* _DATASET EXTRACT_:
::::
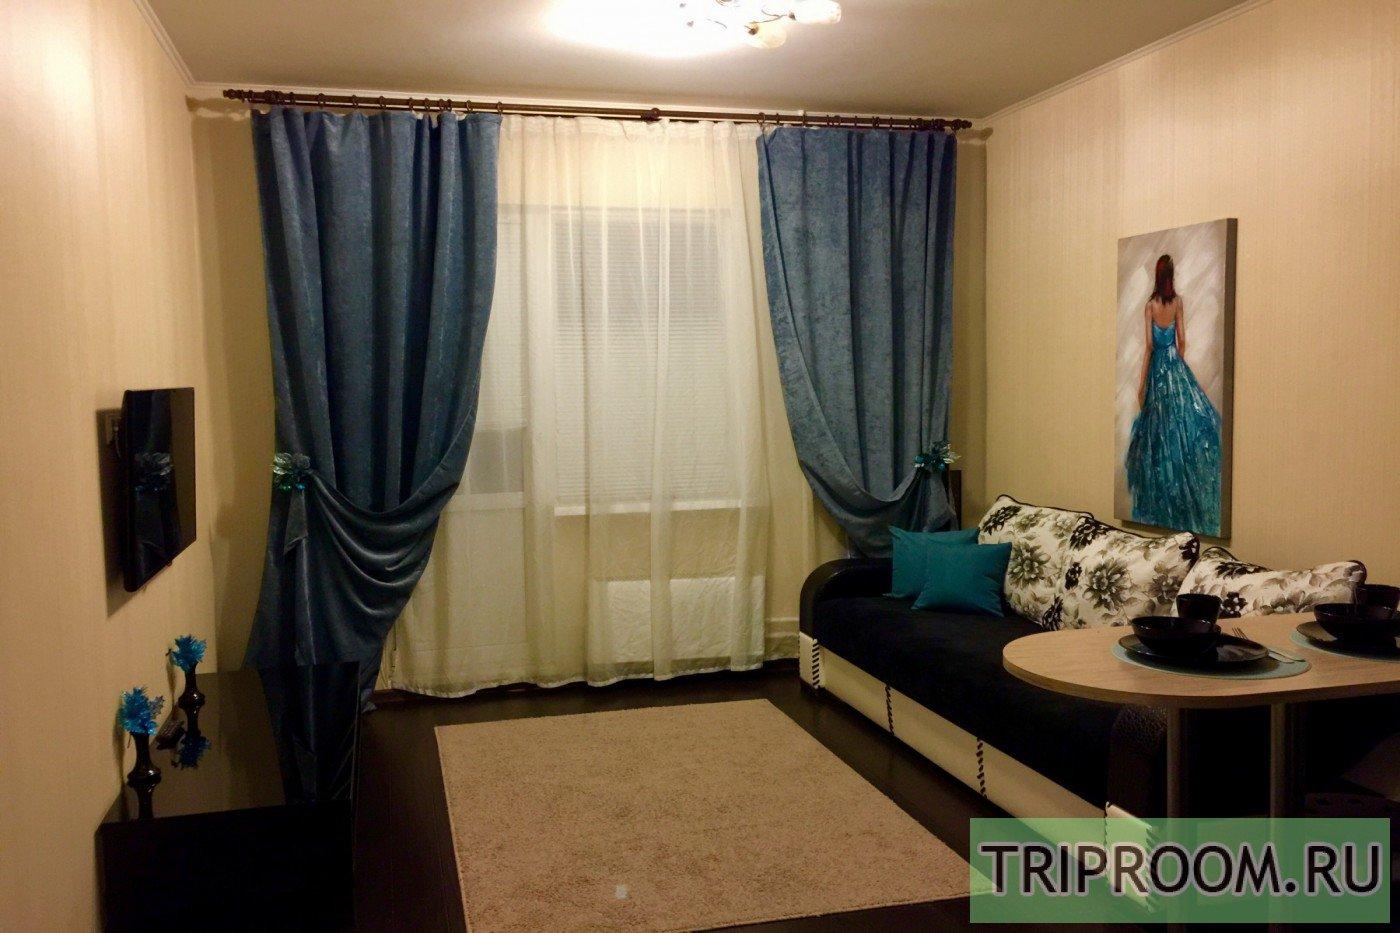 1-комнатная квартира посуточно (вариант № 36696), ул. Университетская улица, фото № 6
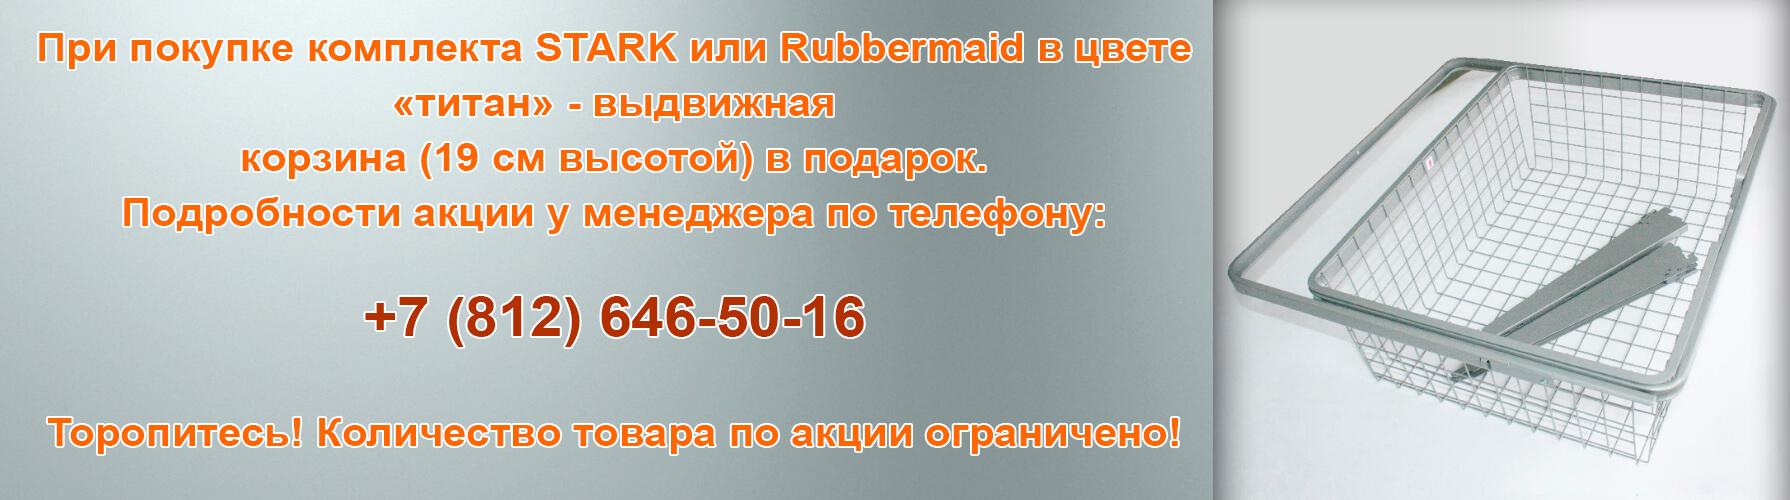 catalog/banner101korz.jpg
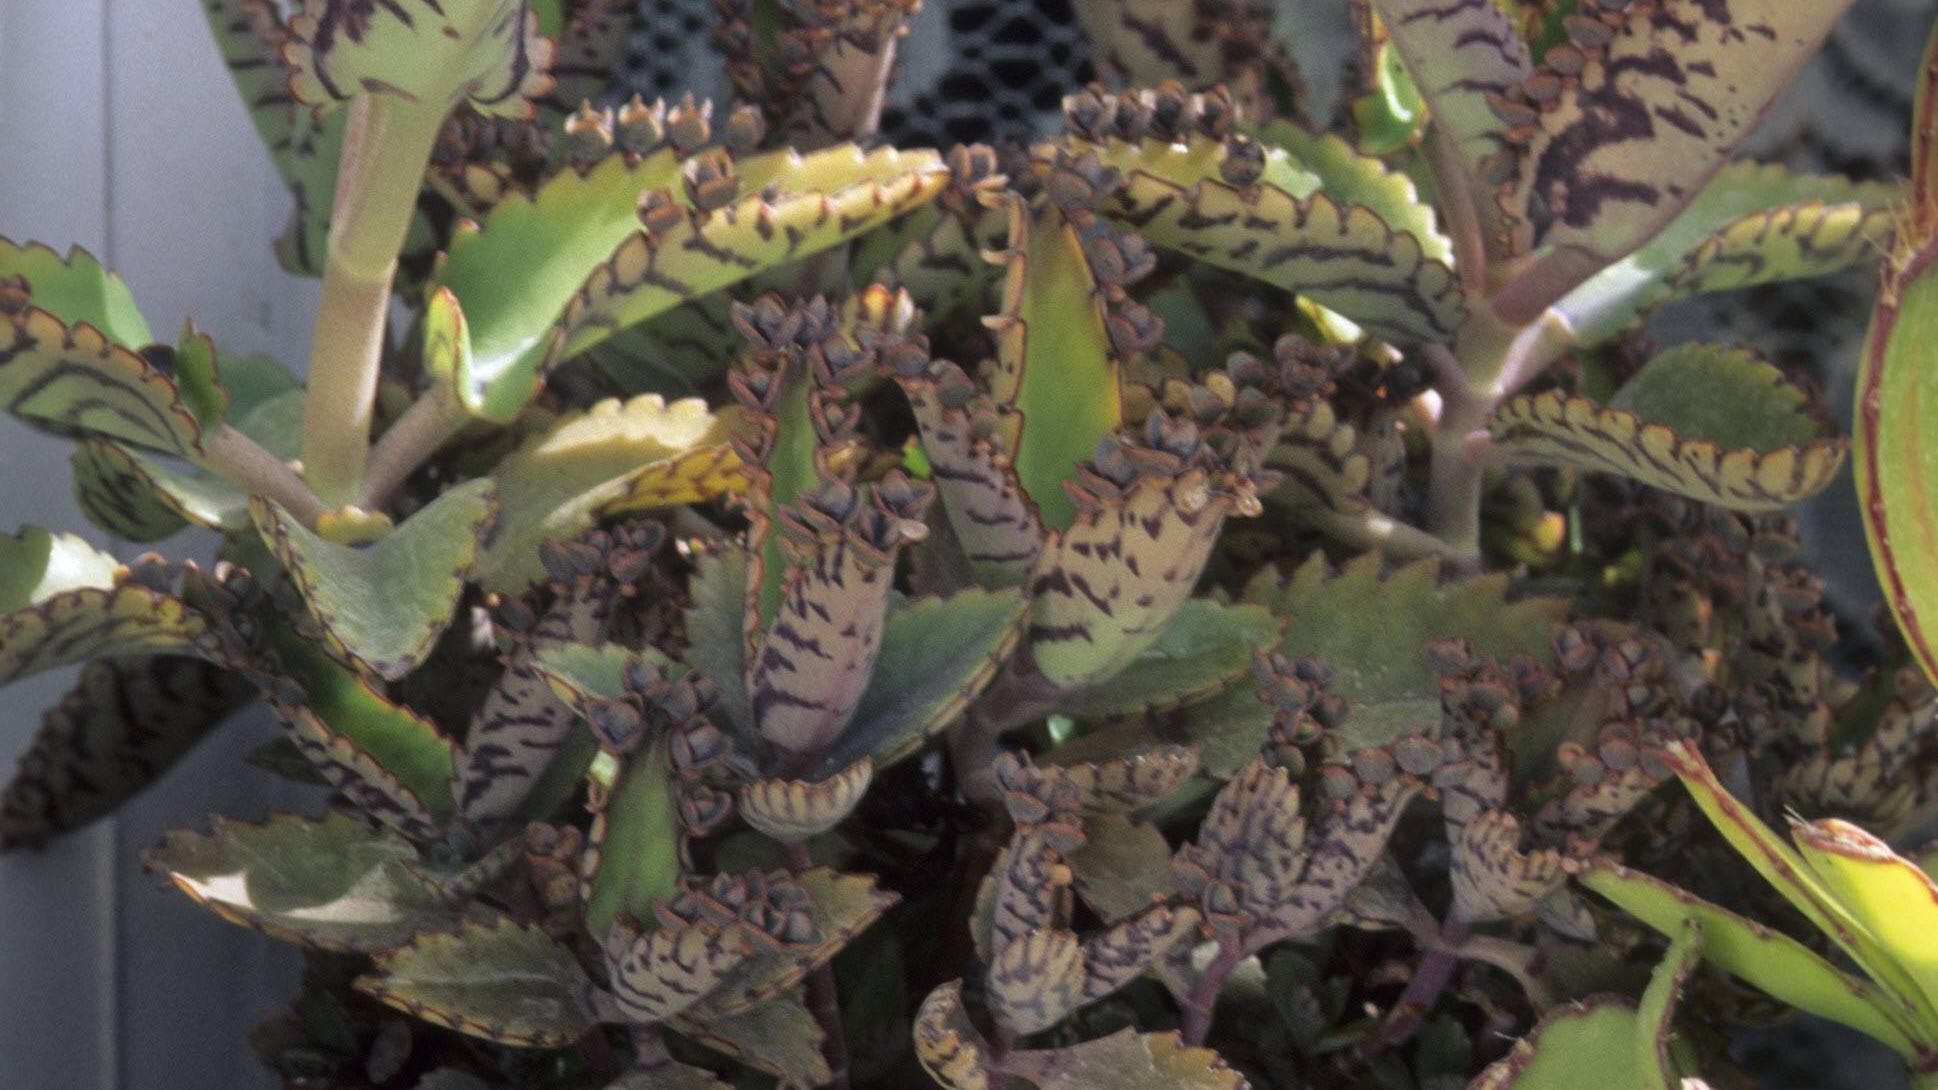 Pflege und Vermehrung des Brutblatts sind sehr unkompliziert.
::::
* _ASSIGNED TASK_: Copy out the material above in full and exactly; its pictures are not to appear.

* _ANSWER TO THE EXERCISE_:
 1-комнатная квартира посуточно (вариант № 36696), ул. Университетская улица, фото № 6
 catalog/banner101korz.jpg
 Pflege und Vermehrung des Brutblatts sind sehr unkompliziert.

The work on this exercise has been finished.